4. The Assessing Officer denied the benefit of exemption under section 54EC on the ground that the shop was a depreciable asset and the resultant gain was a short term capital gain whereas the exemption under section 54EC was available only on long term capital gain (LTCG).
5. the learned CIT(A) allowed the claim of the assessee
Contentions of Appellant:
the building having been held for a period in excess of three years, it would by definition qualify to be a long-term capital asset (LTCA) u/s.2(29A), and the capital gain arising on its transfer eligible for exemption u/s. 54EC.
Contention by Revenue:
the Assessing Officer was justified in rejecting the claim of the assessee in-as-much as the capital gain on the sale of shop, a depreciable asset, is deemed as a short-term capital gain (STCG) u/s.50, while exemption u/s. 54EC is allowed only on LTCG, i.e., which is, by definition, not STCG.

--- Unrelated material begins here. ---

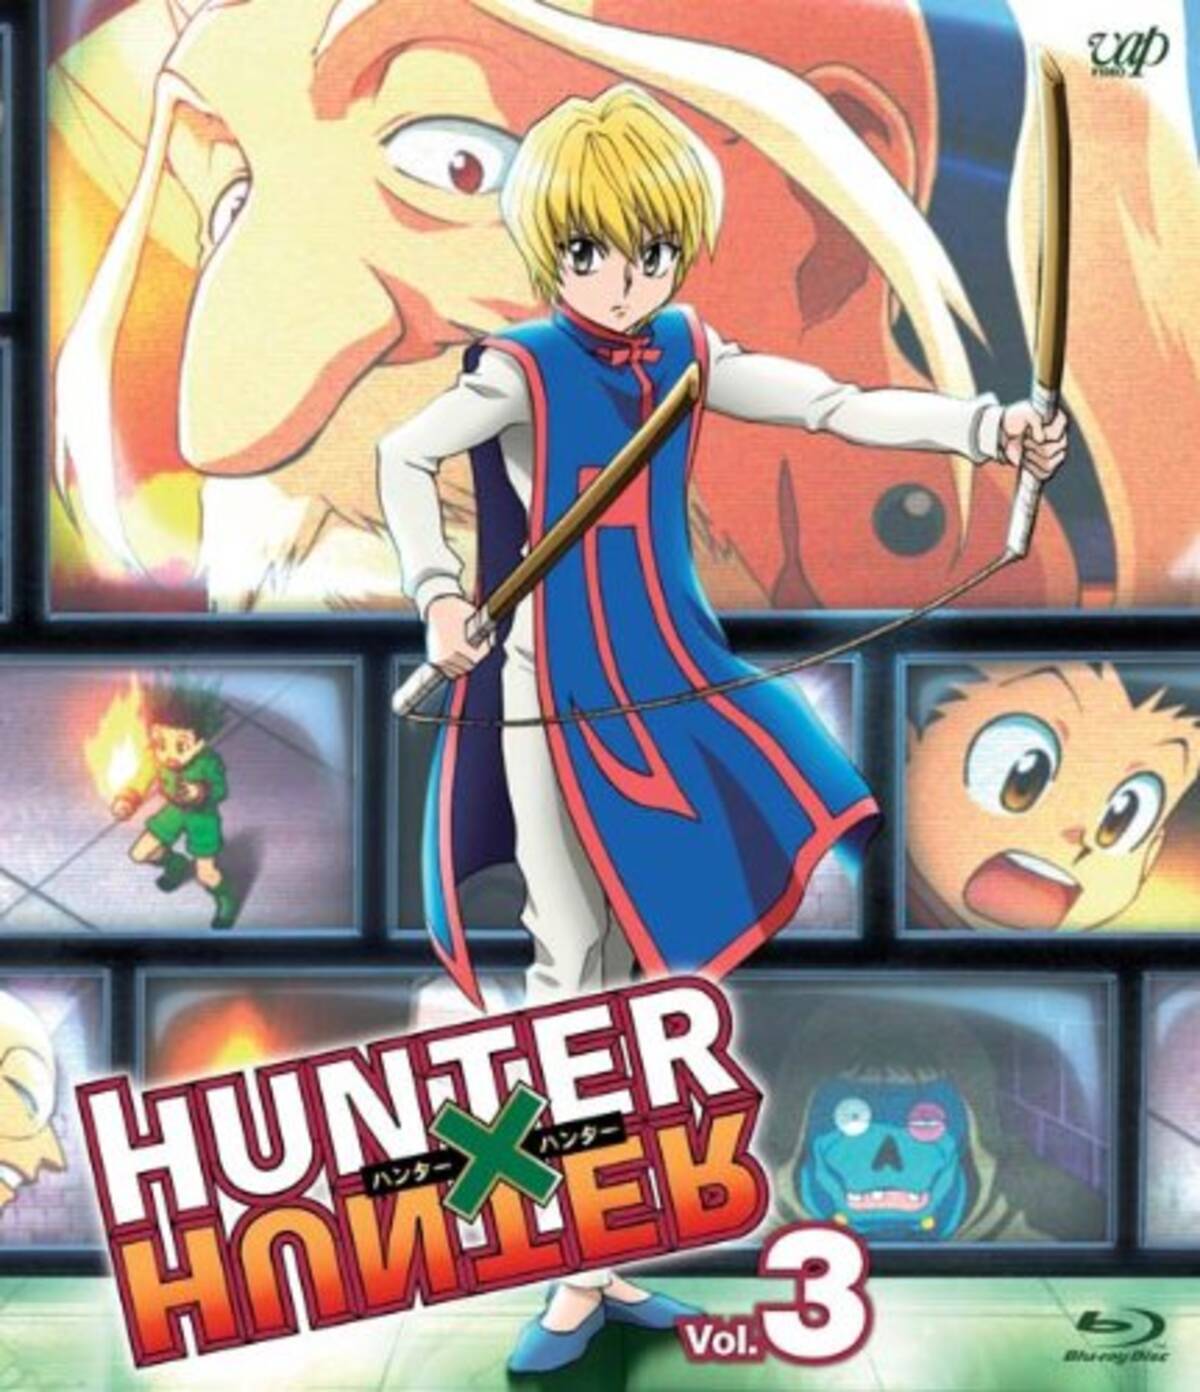 アニメキャラの魅力 クルタ族最後の生き残り 復讐者 クラピカ の魅力とは Hunter Hunter 14年12月6日 エキサイトニュース 2 3

Ruling of Honorable ITAT/Court:
1. The capital asset sold by the assessee during the year is a shop, comprising of land (or rights therein) as well as building or the super-structure thereon, which are separate and distinct assets under the Act
2. by virtue of the deeming provision of section 50, cost of a long-term capital asset (LTCA), i.e., as per section 2(29A), where depreciable, forming part of a block assets on which depreciation stands claimed, the capital gain on its transfer would have to be computed in terms thereof, i.e. by treating the WDV of the relevant block of assets (or, as the case may be, the relevant asset) as its cost of acquisition.

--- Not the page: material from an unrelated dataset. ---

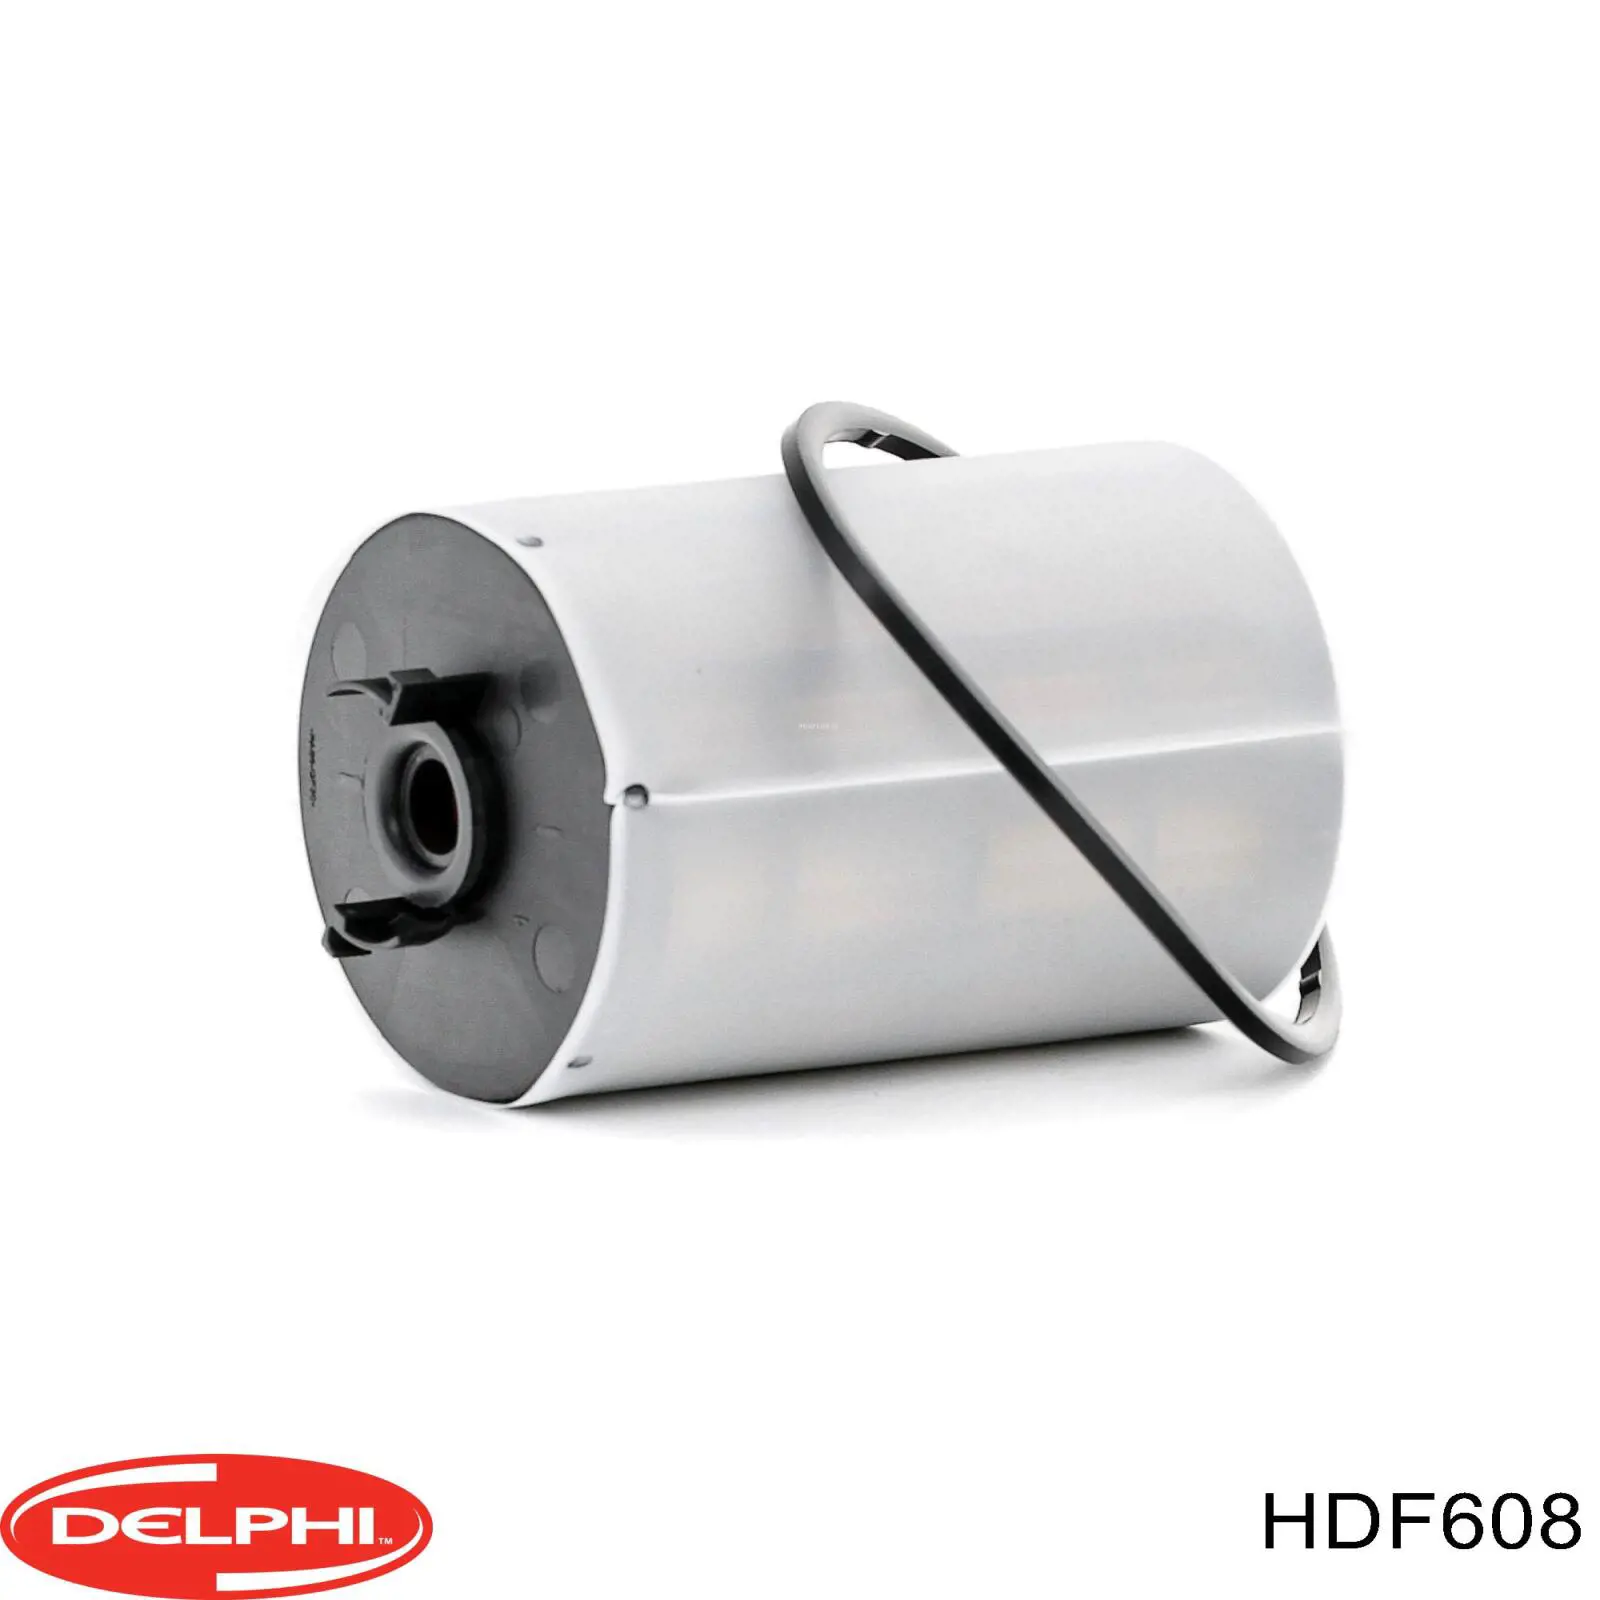 HDF608 Delphi filtro combustible

3. The second deeming per the provision of section 50 is qua the nature of such capital gains, i.e., as capital gains arising from the transfer of a STCA. Section 54EC is available on capital gain arising on the transfer of a LTCA, i.e., which is not a STCA by definition. The same shall, therefore, not apply to capital gains computed u/s.50.
4. by definition a capital expenditure, depreciation, which is amortization of the cost over a definite period is allowed as expenditure where the asset is employed for the purposes of business or profession, toward recouping its’ cost, so as to make available the necessary funds with the business for the replacement of the asset at the end of its’ useful life, enabling the business to in the process, maintain the capital of the firm.
5. Income, by definition, is accretion to capital, so that only the excess, i.e., over cost, including the cost of depletion of capital, would be income, both in economic and accounting theory. The charge of depreciation, thus, has a sound basis thereto, well accepted in taxing statutes.
6. WDV of the relevant (block of) asset, representing its un-depreciated or the unutilized life/value, is taken as its cost of acquisition for the purpose of computation of capital gains in as- much as it is only this, depreciated asset, that stands transferred, fetching a value corresponding with its’ balance life.
7. This would, in our view, also explain or bring forth the prescription of a separate computation mechanism for capital gain on transfer of capital assets that are depreciable (per s. 50), and also not extending thereto the indexation benefit, to adjust for the inflation factor, per s. 48, for such assets even where held for long-term.
8. deduction u/s.54EC to be available on the capital gains computed u/s.50 of the Act.
9. Revenue’s appeal stands dismissed.
Key Take Away
Correctness of law laid down by Bombay High Court in Ace Builder 281 ITR 210 that deduction u/s 54EC is available to short-term capital gains computed u/s 50 doubted by Tribunal.